Saat tanya jawab, tidak ada wartawan Indonesia mempertanyakan soal praktik tidak fair itu. Bahkan sekedar bertanya pun tidak. Hanya saya yang bertanya tentang itu. Jawabannya tidak jelas. Pertanyaan didominasi wartawan-wartawan bule.

Tapi saya ingat betapa galaknya wartawan-wartawan Indonesia kalau mewawancarai pejabat Indonesia terkait dengan HAM atau praktik-praktik kecurangan. Hambatan bahasa tidak bisa jadi alasan karena cukup banyak wartawan Indonesia yang bisa bahasa Inggris. Saya kira sebab utamanya rendah diri, seperti sikap para aktifis LSM lokal tadi.

Setelah konferensi pers usai, sekitar 2 jam saya habiskan untuk menulis laporan. Isi utamanya tentang praktik-praktik kecurangan itu. Selain wawancara, saya juga melengkapinya dengan pemantauan langsung.
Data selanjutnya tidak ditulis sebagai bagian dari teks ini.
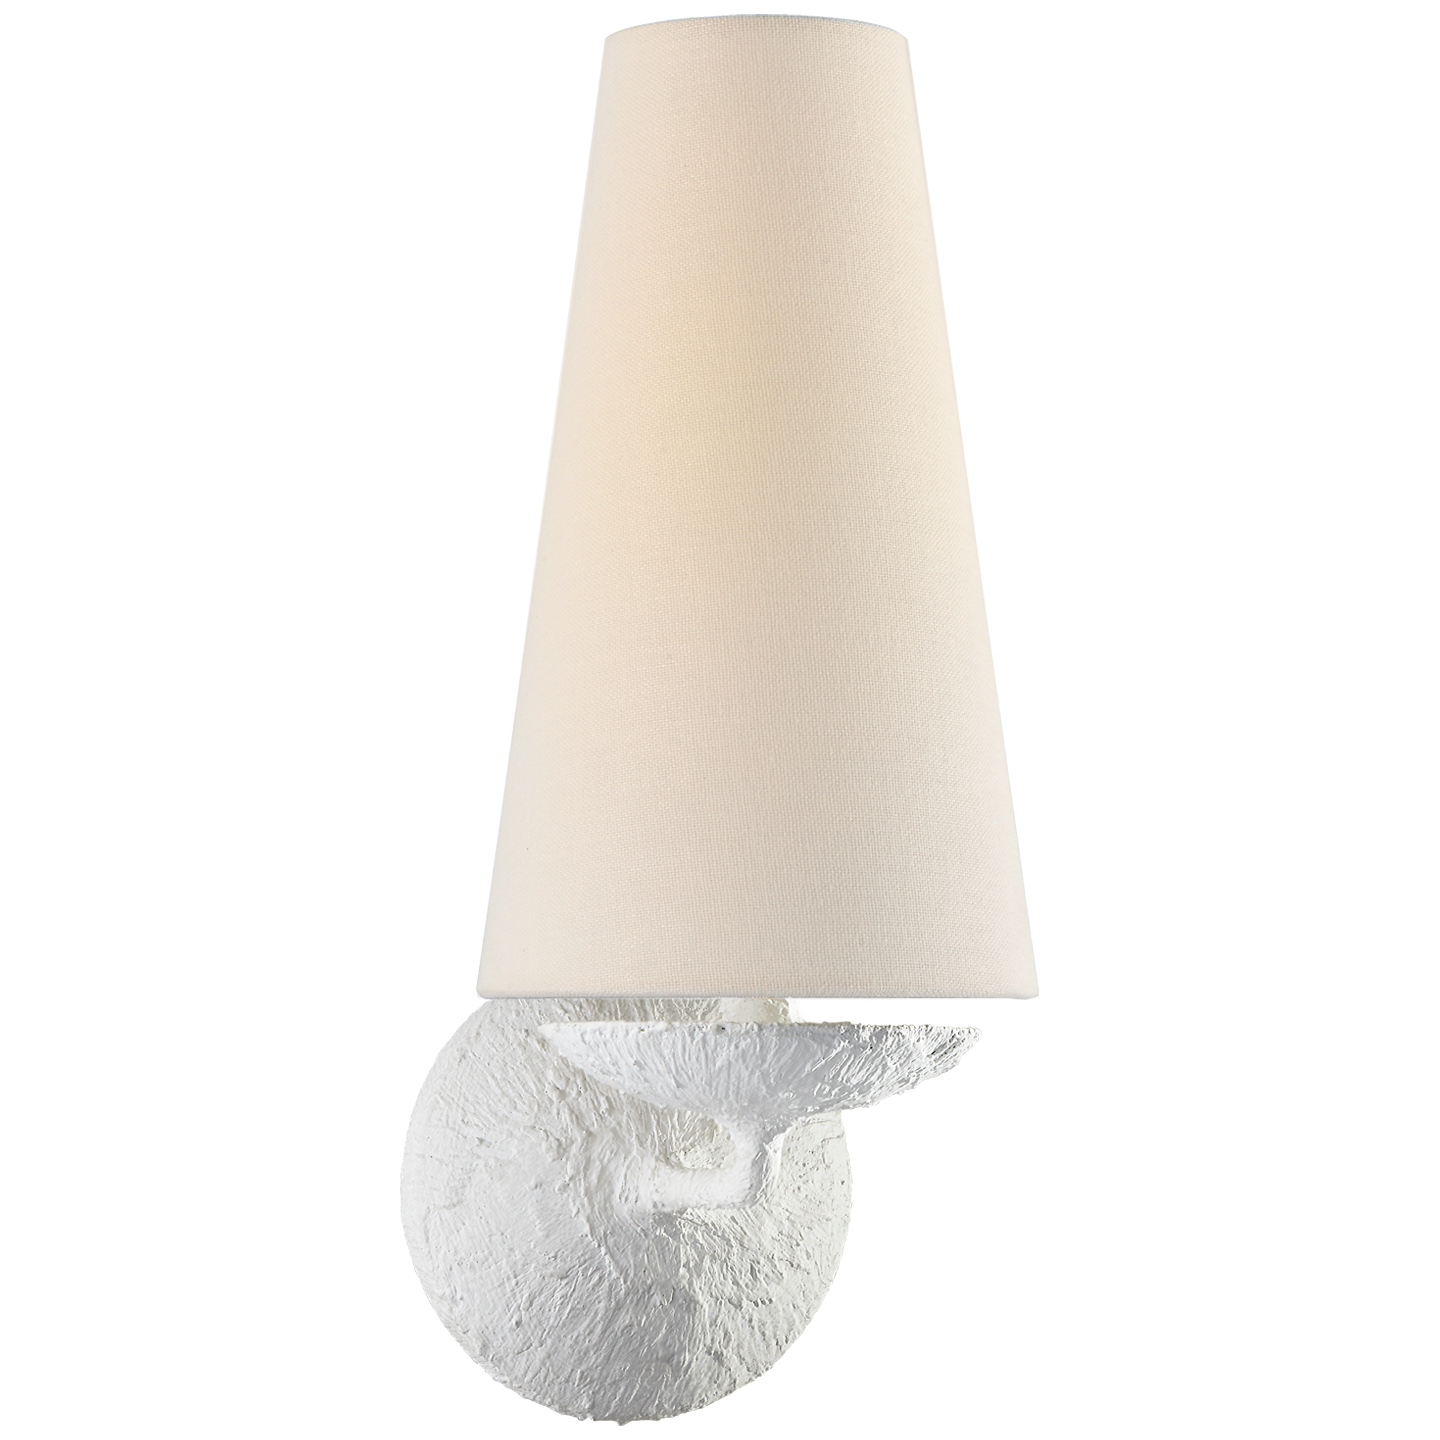 The linen shade of this Fontaine Single Sconce sheds a soft, warm glow. This looks gorgeous placed in a living room, hallway, or other area needing extra light.   Designer: AERIN
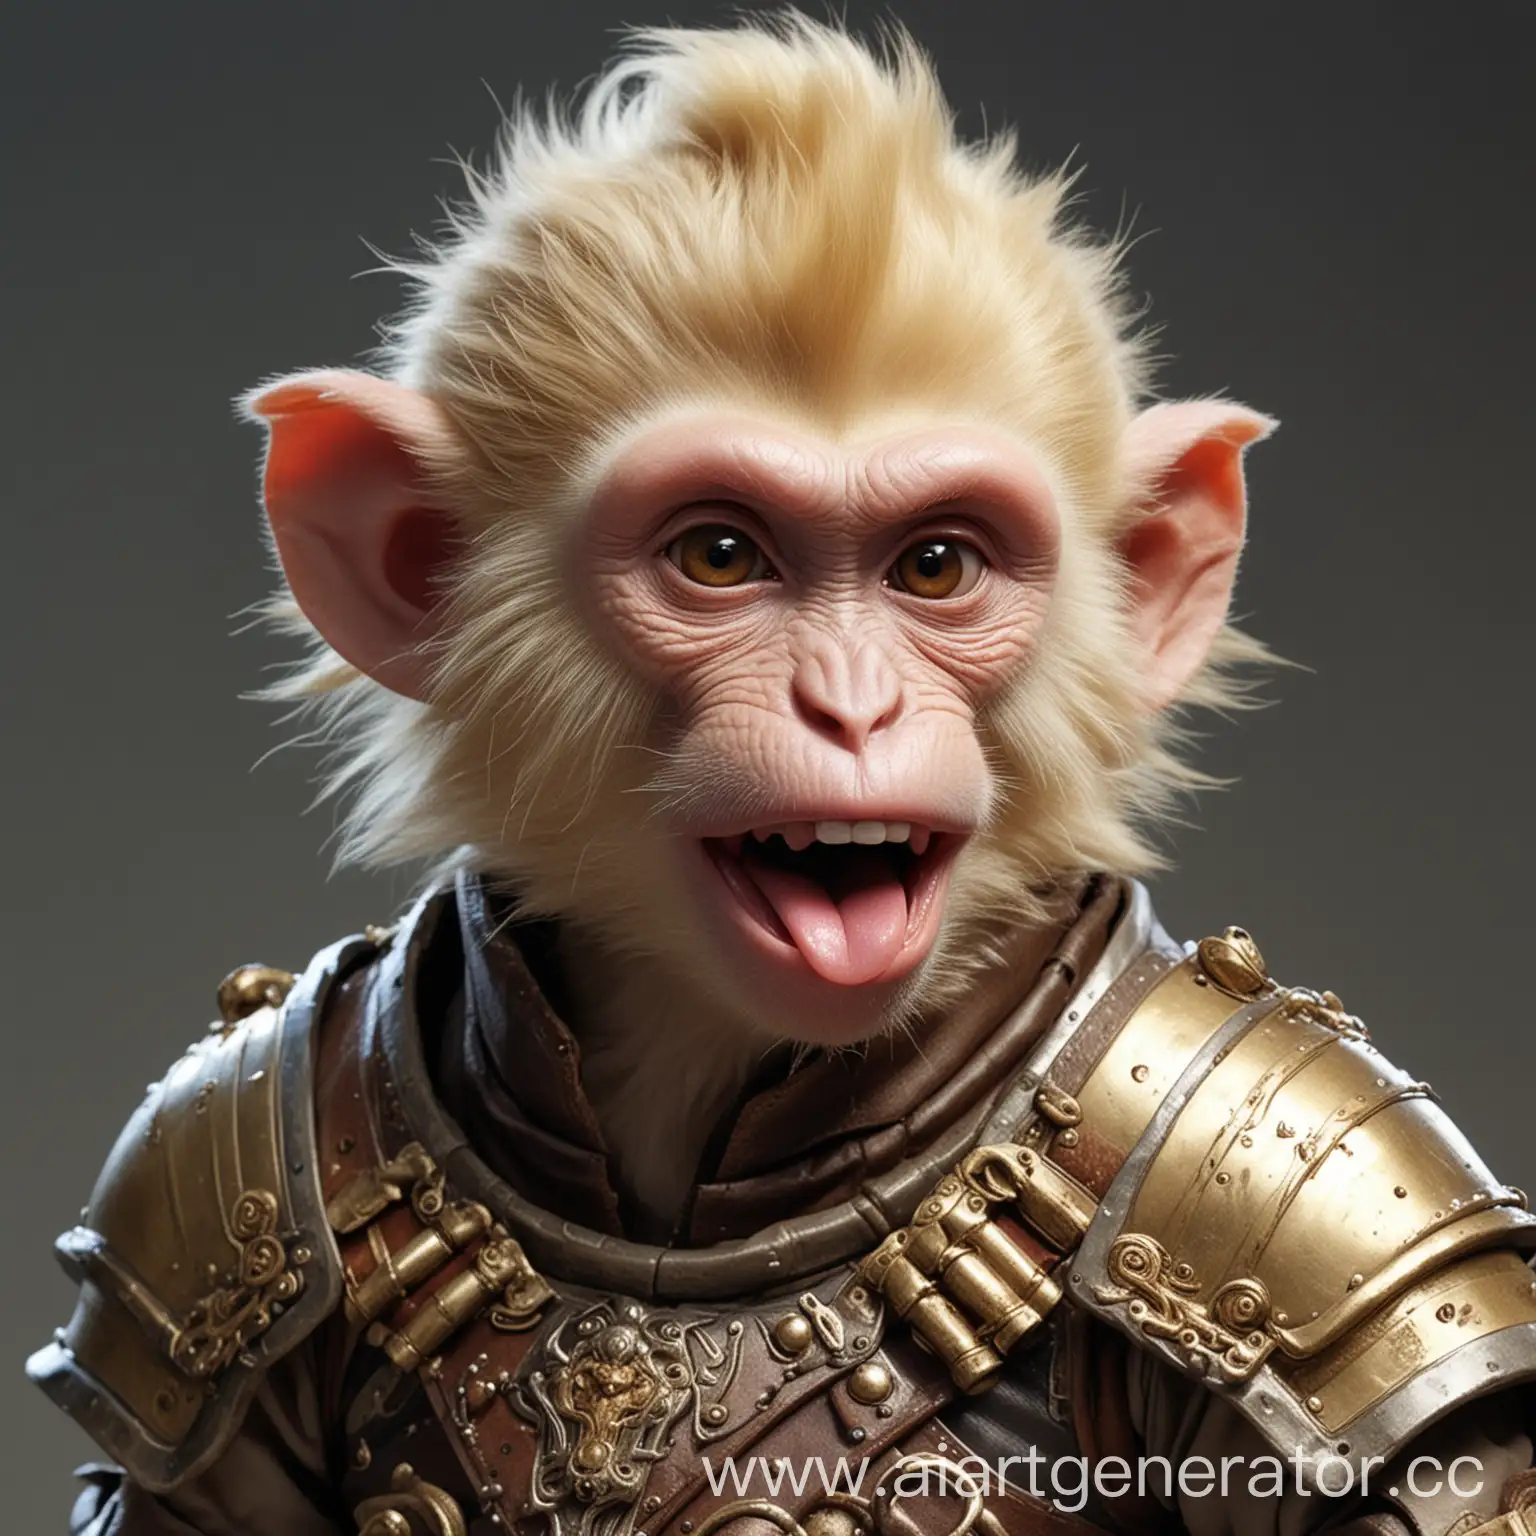 Armored-Blonde-Monkey-Monk-with-Nimble-Tongue-and-Humongous-Slobbering-Tongue

Kira-kira 2 jam setelah saya kirim, editor di Bangkok menelepon. Saya masih ingat persis dialognya:

“Kafil, we can’t run the story,” katanya.

“What do you mean? You send me here. I do the job, and you don’t run the story?” saya berreaksi.

“We can’t say the UNAMET is cheating…” katanya.

“That’s what I saw. That’s the fact. You want me to lie?” saya agak emosi.

“Do they [pro-integrasi] say all this thing because they know they are going to loose?”

“Well, that’s your interpretation. I’ll make it simple. I wrote what I had to and it’s up to you,”

“I think we still can run the story but we should change it.”

“ I leave it to you,” saya menutup pembicaraan.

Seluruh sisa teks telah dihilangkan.